Every line below should come back exactly as written, though the pictures stay out.
BEGIN Record excerpts
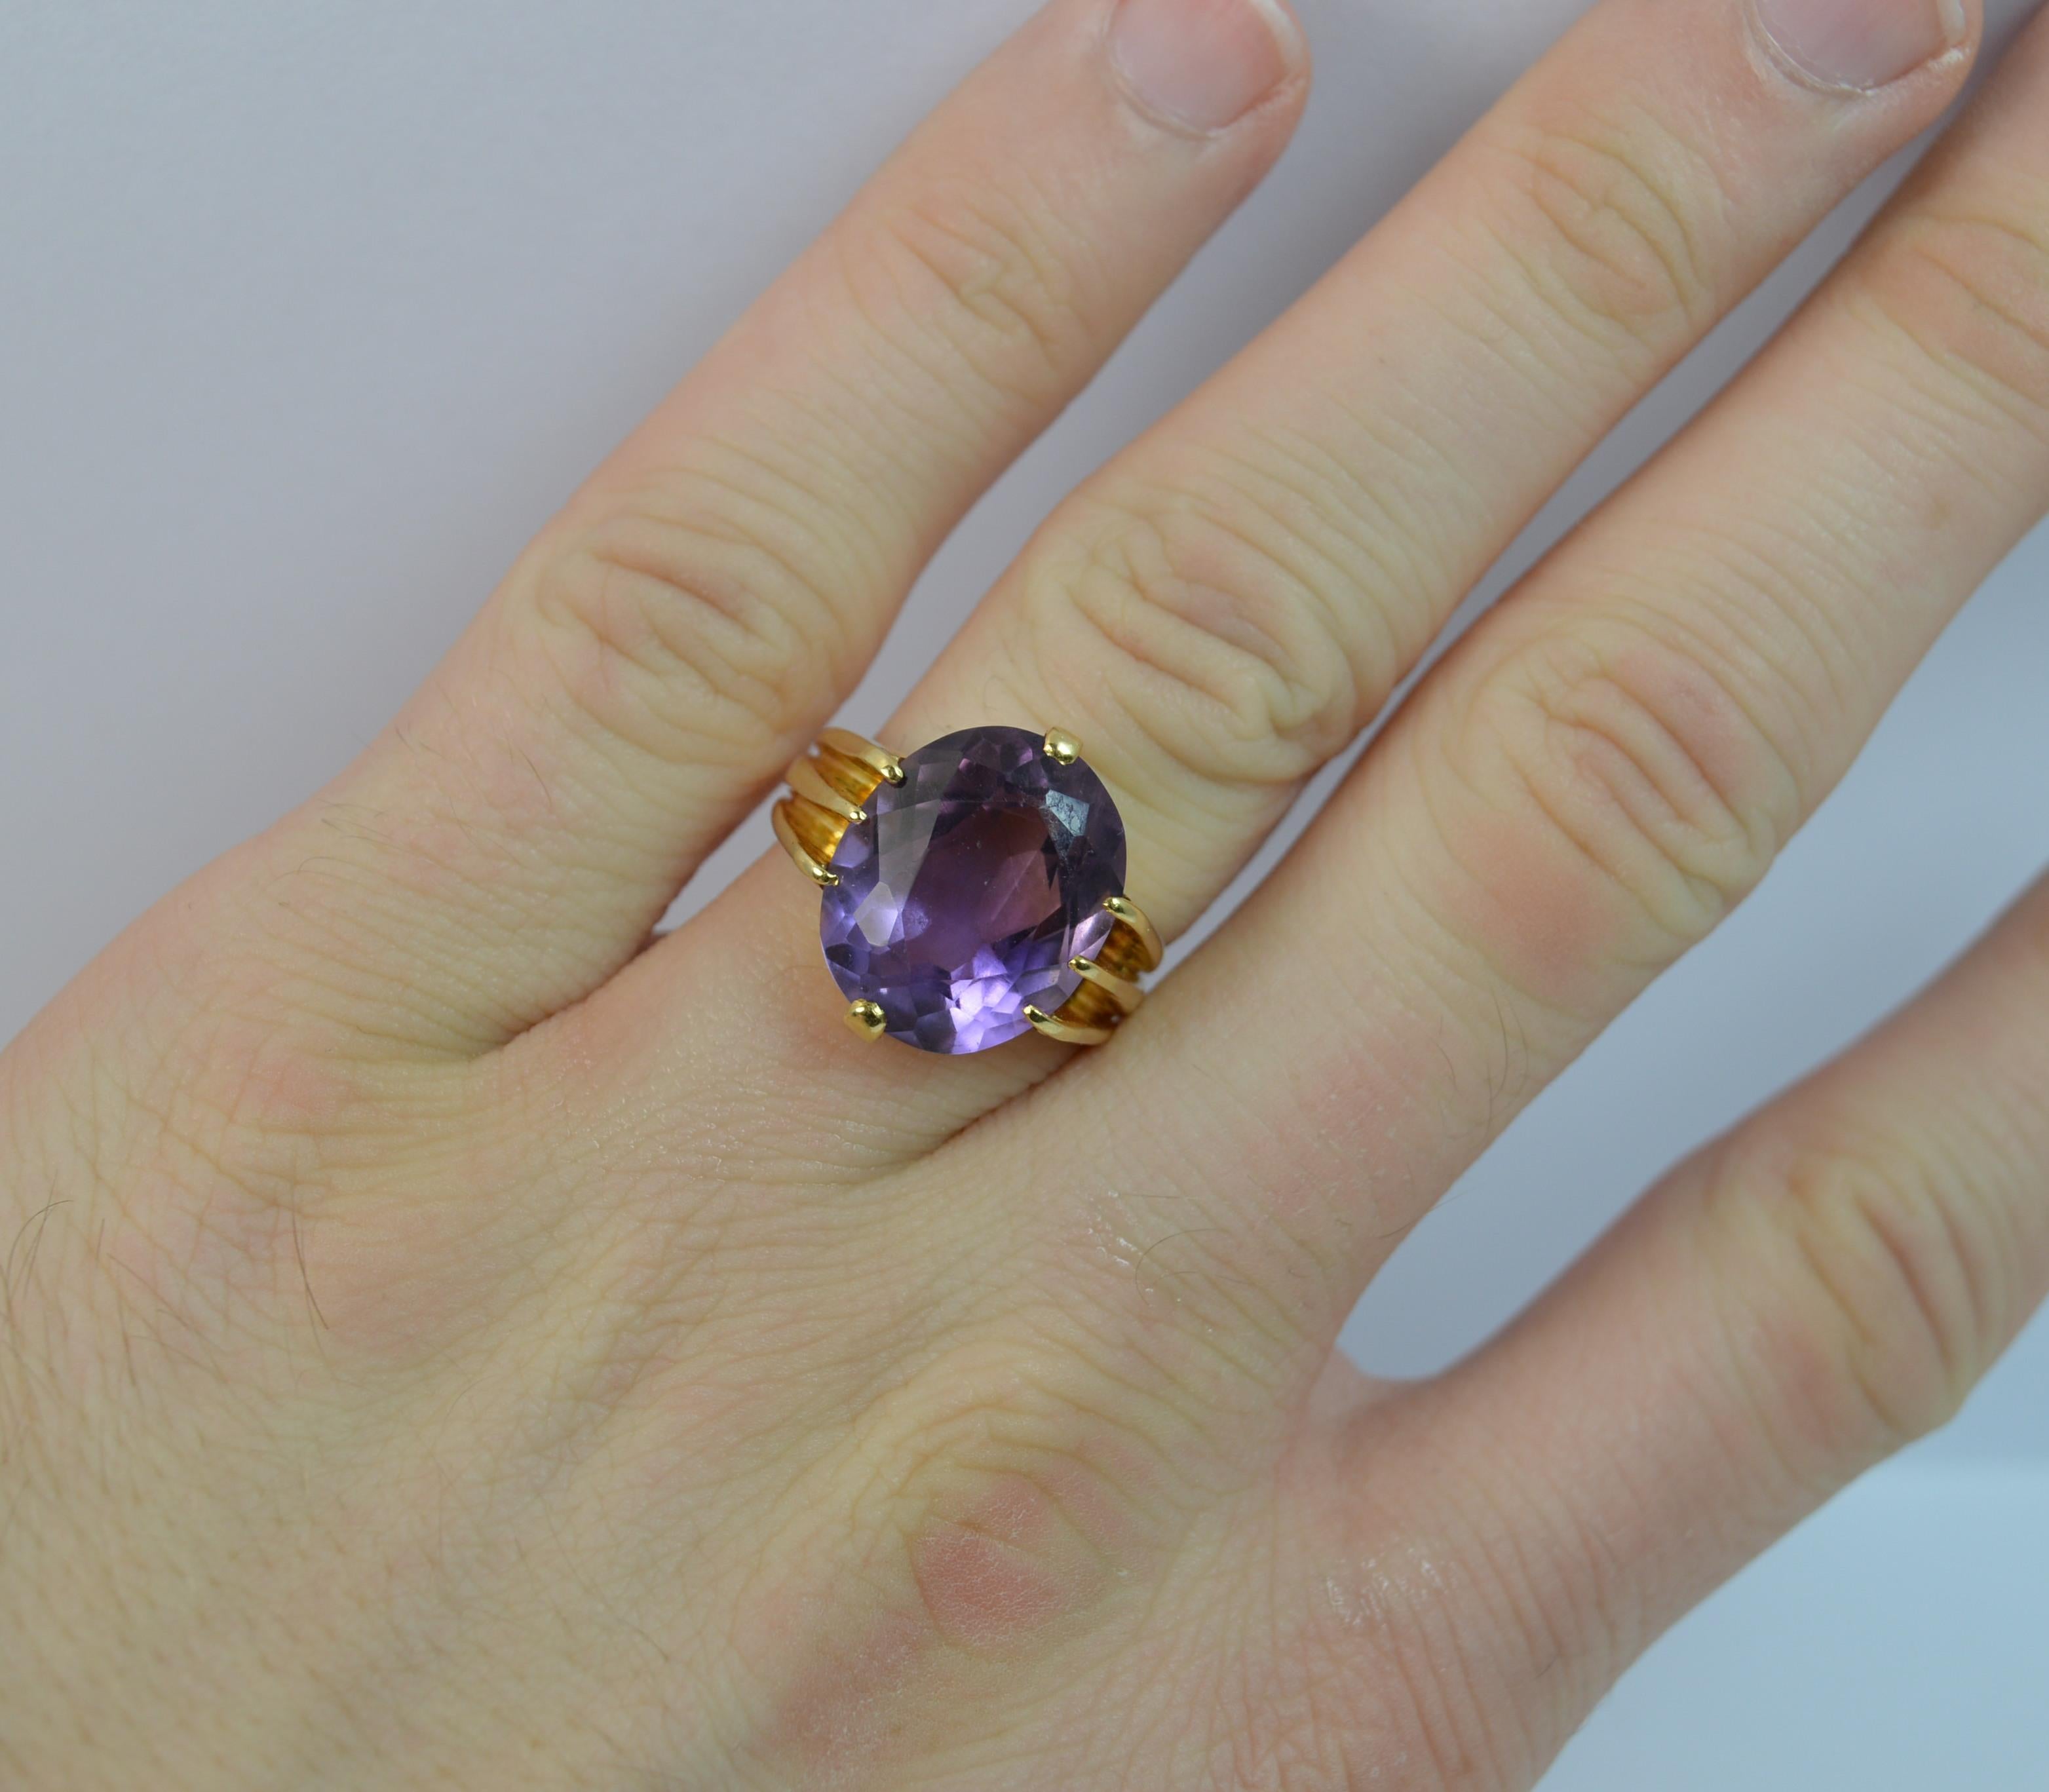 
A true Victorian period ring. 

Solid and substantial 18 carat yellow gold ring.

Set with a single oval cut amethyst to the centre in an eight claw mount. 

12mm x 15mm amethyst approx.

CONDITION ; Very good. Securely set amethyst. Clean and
END Record excerpts
Your response ->
A true Victorian period ring. 

Solid and substantial 18 carat yellow gold ring.

Set with a single oval cut amethyst to the centre in an eight claw mount. 

12mm x 15mm amethyst approx.

CONDITION ; Very good. Securely set amethyst. Clean and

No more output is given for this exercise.